Il peut arriver qu'un texte d'une valeur suffisante pour s'imposer à l'auteur de qualification énonce une définition impérative: la qualification qui, selon l'appréciation du juge, s'en écarterait, serait assurément illégale. Par exemple, la définition du domaine public immobilier est aujourd'hui fixée par l'article L. 2111-1 du code général de la propriété des personnes publiques; une décision administrative qui rangerait dans le domaine public un immeuble ne répondant pas à cette définition serait assurément illégale. Au demeurant, d'après une jurisprudence des plus classiques, aujourd'hui codifiée à l'article L. 2111-3 du même code, les décisions de classement d'un bien dans le domaine public ne peuvent avoir d'autre effet que d'en constater la domanialité publique; relatives à un bien ne satisfaisant aux conditions d'appartenance au domaine public, elles sont illégales 77 ( * ) .

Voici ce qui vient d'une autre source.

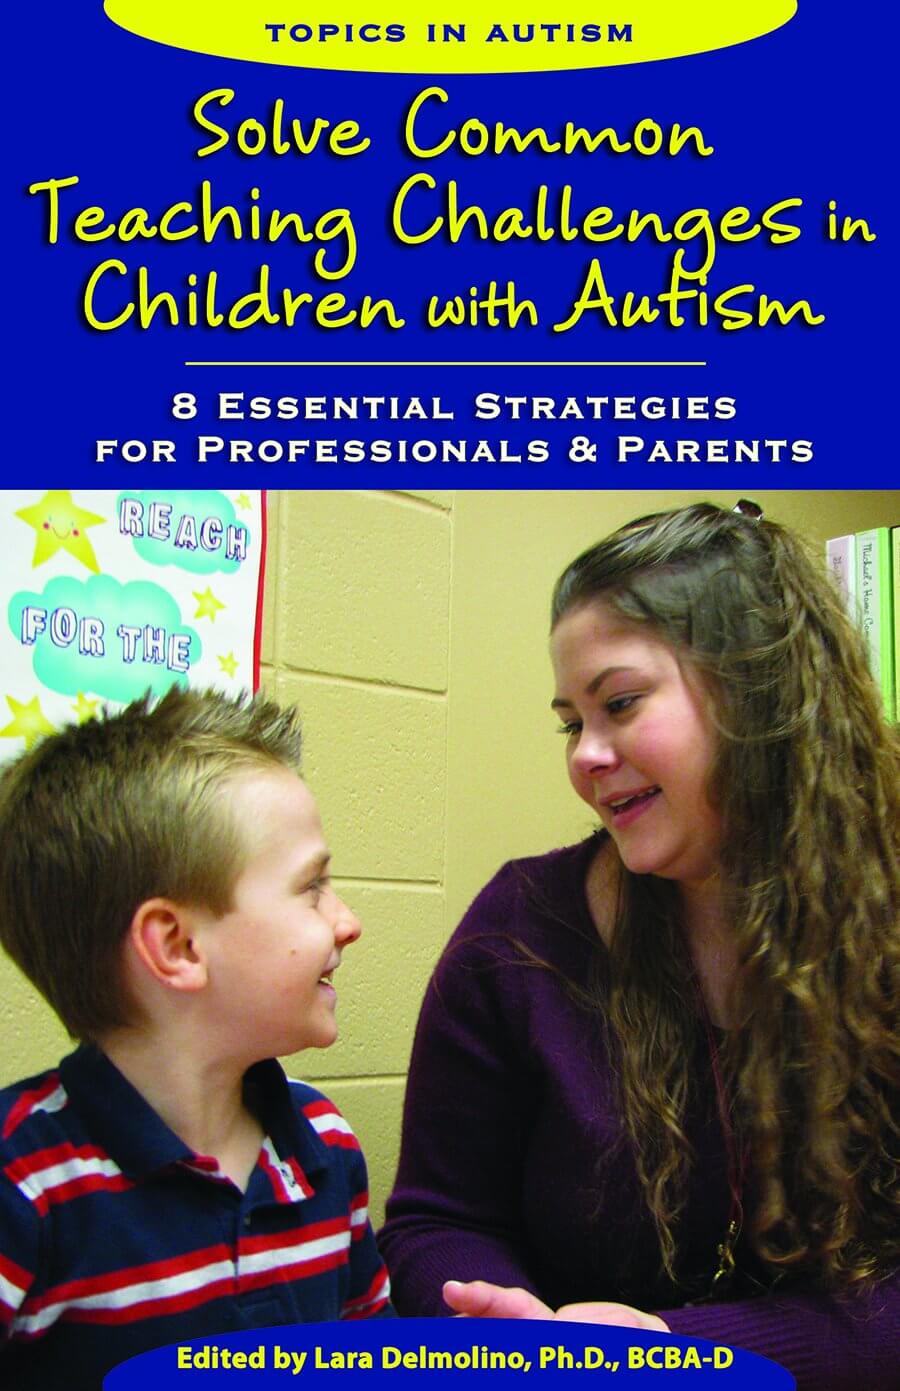 Solve Common Teaching Challenges in Children with Autism

L'absence de définition textuelle impérative peut être palliée par la formulation d'une définition jurisprudentielle ; discrétionnaire au regard du droit écrit, le pouvoir de qualification se trouve alors lié par le juge.

La détermination du caractère des établissements publics en offre un bon exemple 78 ( * ) . Elle relève du pouvoir réglementaire 79 ( * ) auquel les textes laissent une grande liberté d'appréciation 80 ( * ) . Néanmoins, quand un décret qualifie un établissement public d'industriel et commercial ou d'administratif, le Conseil d'État et le Tribunal des conflits se reconnaissent le pouvoir de vérifier la pertinence de cette qualification au regard des critères jurisprudentiels applicables à cette matière 81 ( * ) . Si ces derniers ont été méconnus, le juge procède à une requalification. Comme E. Fatôme l'a bien vu, cette jurisprudence implique logiquement que les critères en cause ne jouent plus seulement à titre supplétif pour qualifier un établissement public dont le texte institutif n'a pas déterminé la nature, mais « constituent...désormais également des éléments qui s'imposent à l'administration » 82 ( * ) .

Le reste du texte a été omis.